Now that we have the two parameters (database connection and query), we can pass them to the `pd.read_sql()` function, and obtain the data.

In [None]:
# here we pass the query and the connection to the pd.read_sql() function and assign the variable `wage` 
# to the dataframe returned by the function
df = pd.read_sql(query, conn)

In [None]:
df.head()

## Analysis: Using Python and SQL
- Back to [Table of Contents](#Table-of-Contents)
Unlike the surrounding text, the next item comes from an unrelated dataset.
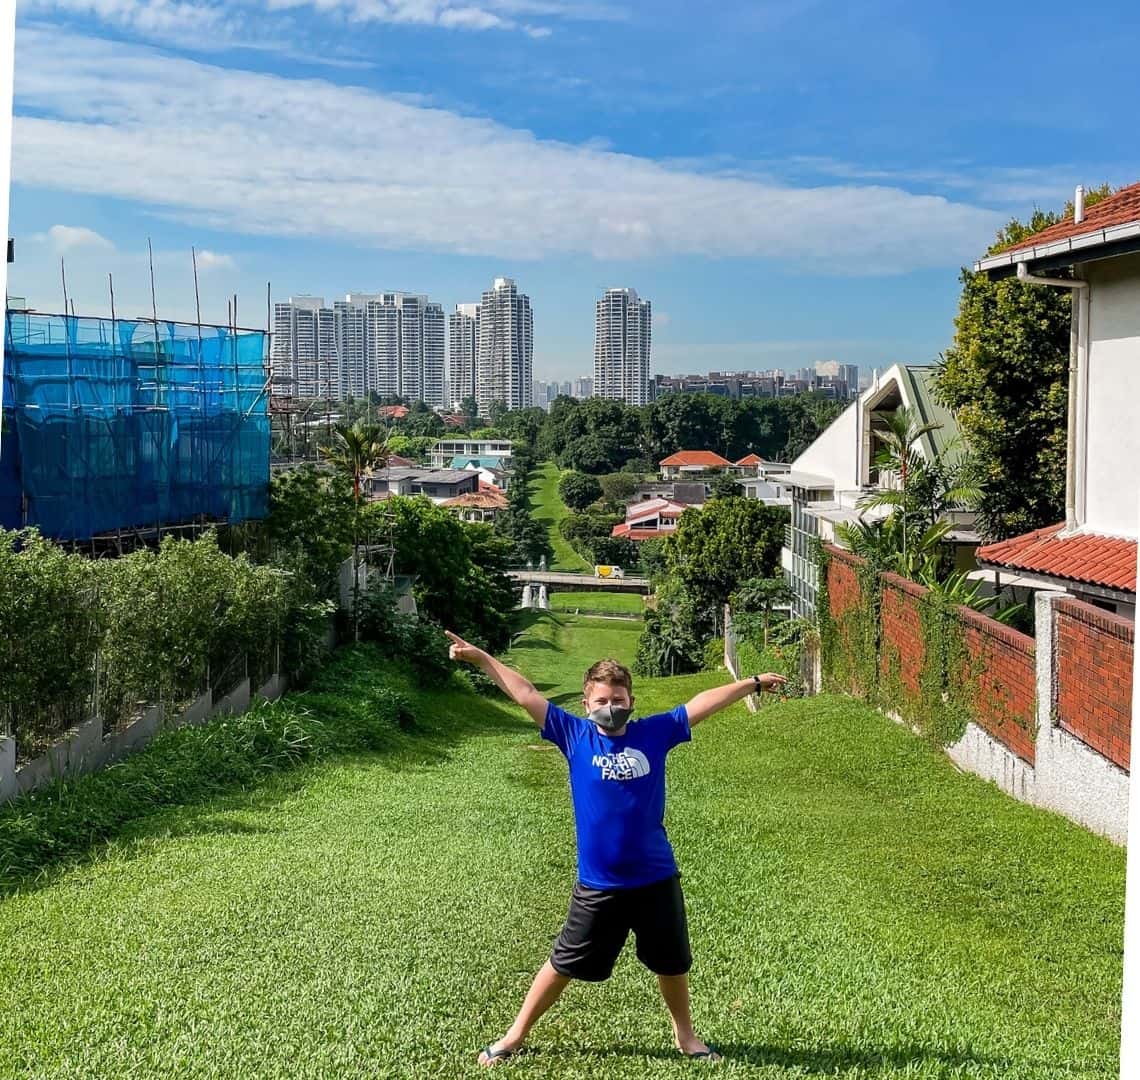 Think one in great shorts and a bright blue top stands at teh top of a green stretch of grass. On the left is green shrubbery and on teh rights some white walls with Spanish style terracotta grooves and shutters. There is also some scaffolding on the left. In the distance is a high rise, some smaller buildings and a blue sky

__What are different measures of employment for TANF recipients?__

To explore possible metrics, we will need to combine TANF and employment (in our case, UI wage records) data. We will start slow and explore these datasets individually, then work up to some initial metrics of employment before, during and after receipt of TANF benefits.

### What is in the Database?
- Back to [Table of Contents](#Table-of-Contents)

As introduced in the [Databases](./02_1_Databases.ipynb) notebook, there are many ways to connect

__ Schemas, Tables, and Columns in database__

Let's pull the list of schema names in the database, the list of tables in these schemas and the list of columns in these tables.

In [None]:
# See all available schemas:
query = '''
SELECT schema_name 
FROM information_schema.schemata;
'''
pd.read_sql(query, conn)

> As a reminder, in this class you have access to the following schemas: 'public', 'il_des_kcmo', 'il_dhs', 'il_doc_kcmo', 'kcmo_lehd', 'ada_tanf' and your team schema ('ada_tanf_#', where the # is your team number)

In [None]:
schemas = """
'public', 'il_des_kcmo', 'il_dhs', 'il_doc_kcmo', 'kcmo_lehd',  'ada_tanf'
"""

In [None]:
# confirm our schemas exist with 
# an updated version of the previous query
query = '''
SELECT schema_name 
FROM information_schema.schemata
WHERE schema_name IN ({})
'''.format(schemas)
pd.read_sql(query, conn)

In [None]:
query = '''
SELECT schemaname, tablename
FROM pg_tables
WHERE schemaname IN ({})
'''.format(schemas)

tables = pd.read_sql(query, conn)
# print tables not in the public schema
print(tables.query("schemaname != 'public'"))

In [None]:
# list all the tables in the IL DHS schema:
sorted(tables[tables["schemaname"] == 'il_dhs']['tablename'])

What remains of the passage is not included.